Restructuring makes sense," Hanes argues.

   For other farmers, restructuring is no longer an option, according to Buhler 
at Kansas Ag Mediation Services. He is increasingly seeing farmers who have 
restructured carryover debt or delinquent debt against assets, such as farmland.

   "Now, this year they are delinquent again and they don't have any equity 
left to restructure against and an inability to make payments on their debt," 
Buhler said.

   Once debt begins to exceed the value of assets, the decision is usually 
swift. "That makes it almost impossible sometimes to go to a lender and find a 
way to restructure if you have a negative net worth like that," Buhler said. 
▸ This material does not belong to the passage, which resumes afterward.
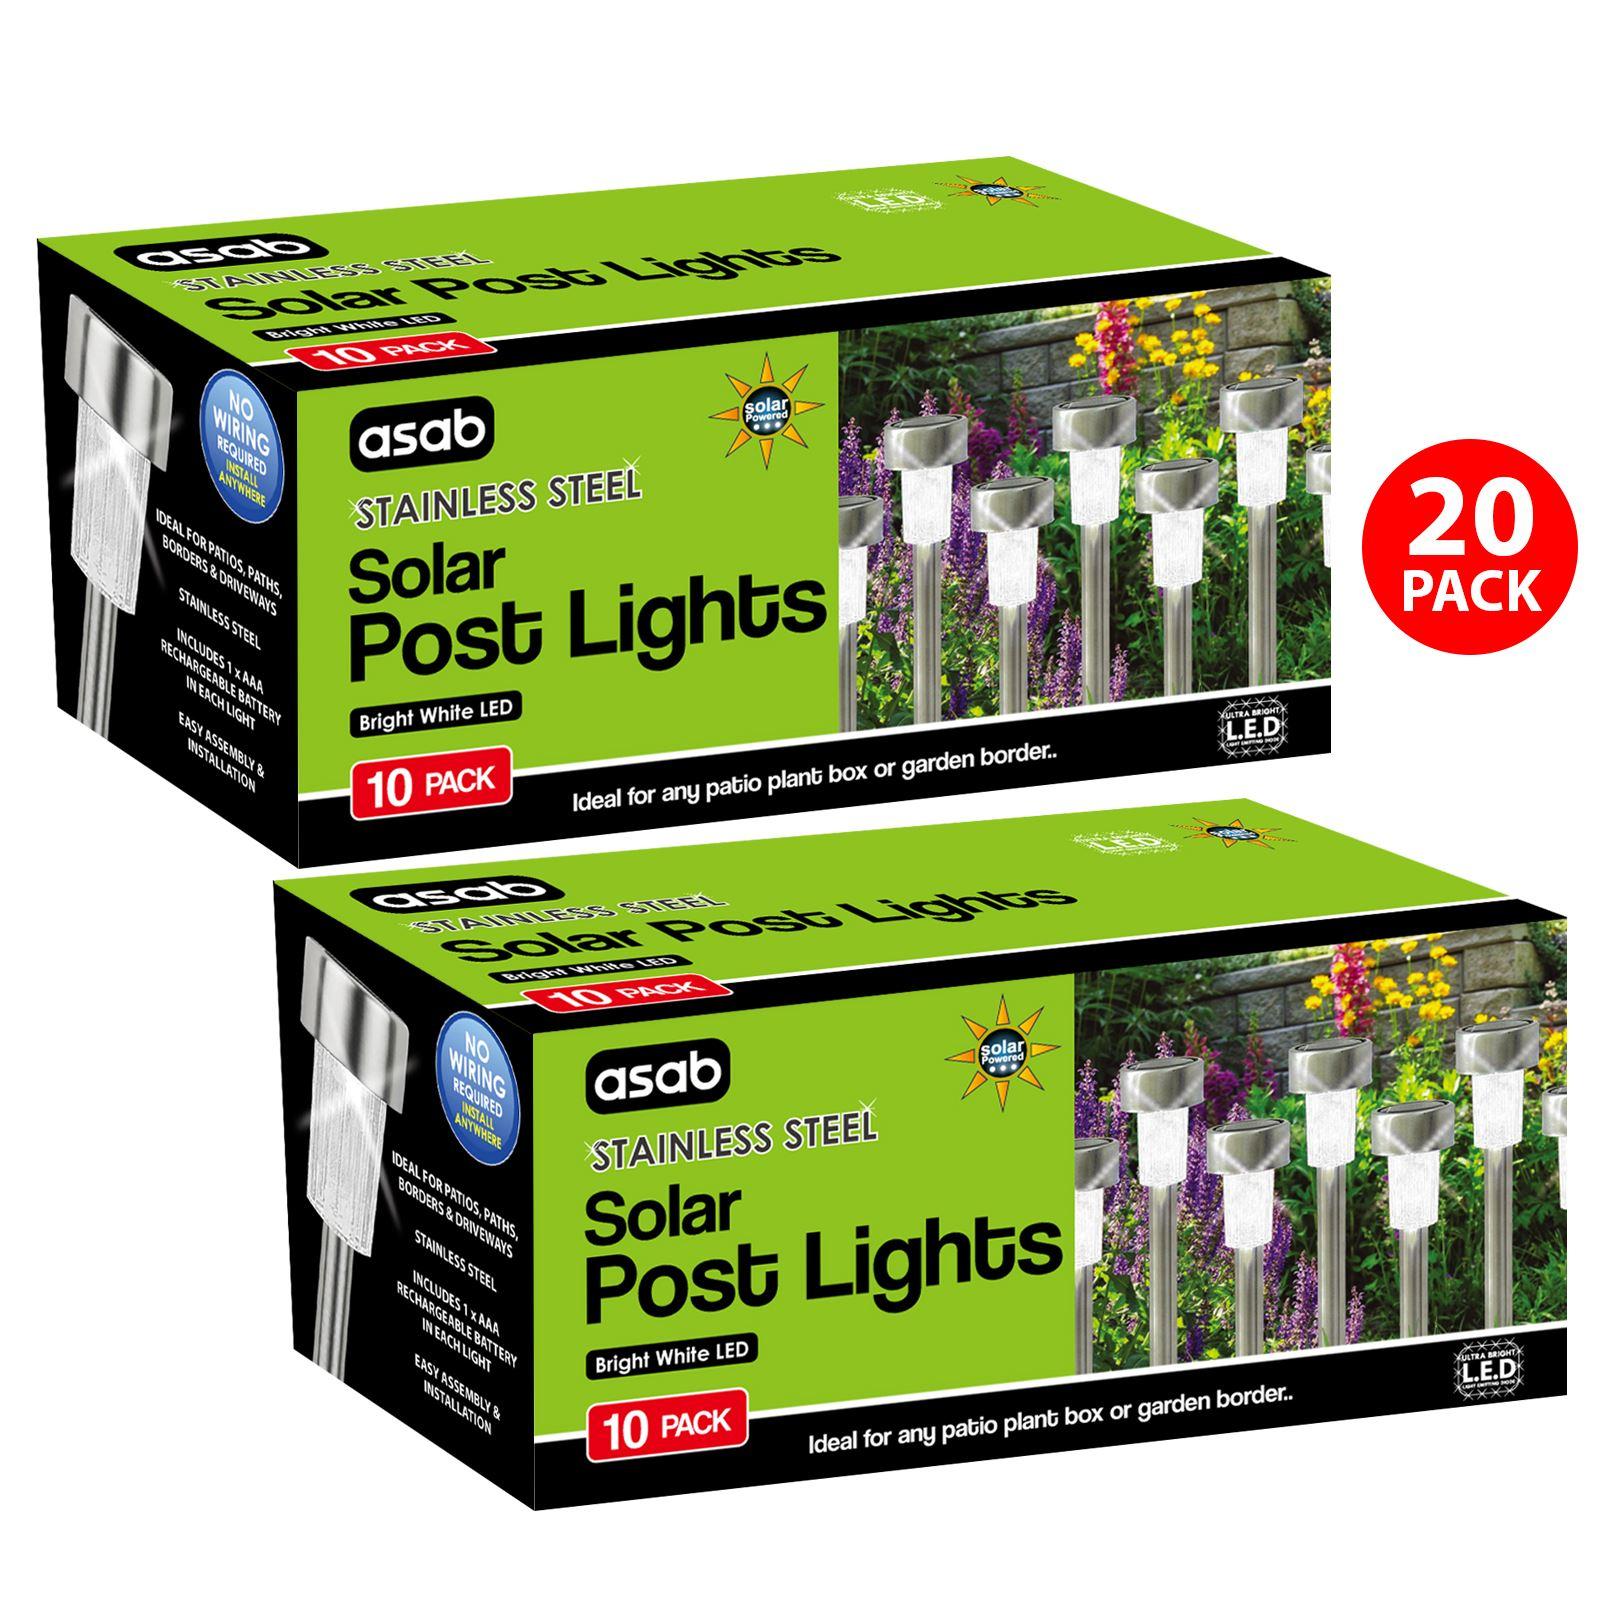 ASAB-10-x-Solar-Powered-Stainless-Steel-Garden-Post-Lights-LED-Outdoor-Lighting thumbnail 20

   Such scenarios point out to Buhler that more farmers are facing greater 
financial jeopardy, and that carries over into more farm families dealing with 
stress. "Farmers just don't know what to do and they are trying to determine 
priorities and which bills to pay, and how do they keep lights on and food on 
the table, even," he said. 


   When lenders say no, farmers often call Farm Aid offices for legal services, 
financial counseling or emotional support. Usually, those three issues are 
heavily intertwined. "Typically if a farmer is calling related to an emotional 
crisis, it's related to financial or legal concerns," Fahy said. "What we've 
seen in the doubling of calls is also an increase in the severity of calls that 
are coming in such that we are seeing calls from farmers who are in dire 
straits -- some of them considering suicide." 

   Farm Aid staff have taken more training on how to spot the signs of people 
at risk of harming themselves and how to approach them. "So, from our 
standpoint, we are at a crisis and we don't have the resources to properly 
address it."

   For farmers facing no available cash, Farm Aid has some emergency grants to 
needs such as buying food, paying for emergency medical expenses, or keeping 
the power on. Most of the calls come from established farms, but they involve 
all kinds of commodities -- crops, vegetables and livestock. "It's really hard, 
and the calls are coming from farmers of all kinds," Fahy said.

   Buhler said he has been doing this work for 30 years, but said it is tough 
to insulate himself when a farmer is crying on the other end of the line, "or a 
farm family is worried about feeding their kids. It is that type of thing where 
the stress is real and people are affected, and that's what sometimes is 
glossed over by the big picture people are trying to take of this thing," he 
said. "It may be a cycle, but nonetheless, people are trying to make a living 
out here." 

   Buhler added he has referred a few families this year to the national Farm 
Aid organization, which offers financial help and other assistance. Buhler 
noted that's something he hasn't had to do in several years. 

   "So there are some real difficult situations out there," Buhler said.

   Jensen said while the number of problem loans are ticking up, he credits a 
lot of good decisions in recent years to helping more farmers hold their heads 
above water.

   "While land values are off their peaks, they haven't taken large drops, at 
least in our area. But the big help is that interest rates continue to be 
reasonable. Farmers are having losses, but the effects of that don't compare 
when loans are at 5% to 6% versus (in the 1980s) when they were in the teens 
and up to 20%."

   He said bankers also capped loans on land back when farmland was being 
bought at a fast rate. "There was a lot of ground in Nebraska selling for 
$10,000 an acre, for example, and we were capping loans on that at $5,000." 
That forced growers to start ownership of that land with a higher equity 
situation than in previous land-buying sprees. 

   DTN Editor-in-Chief Greg Horstmeier contributed to this report.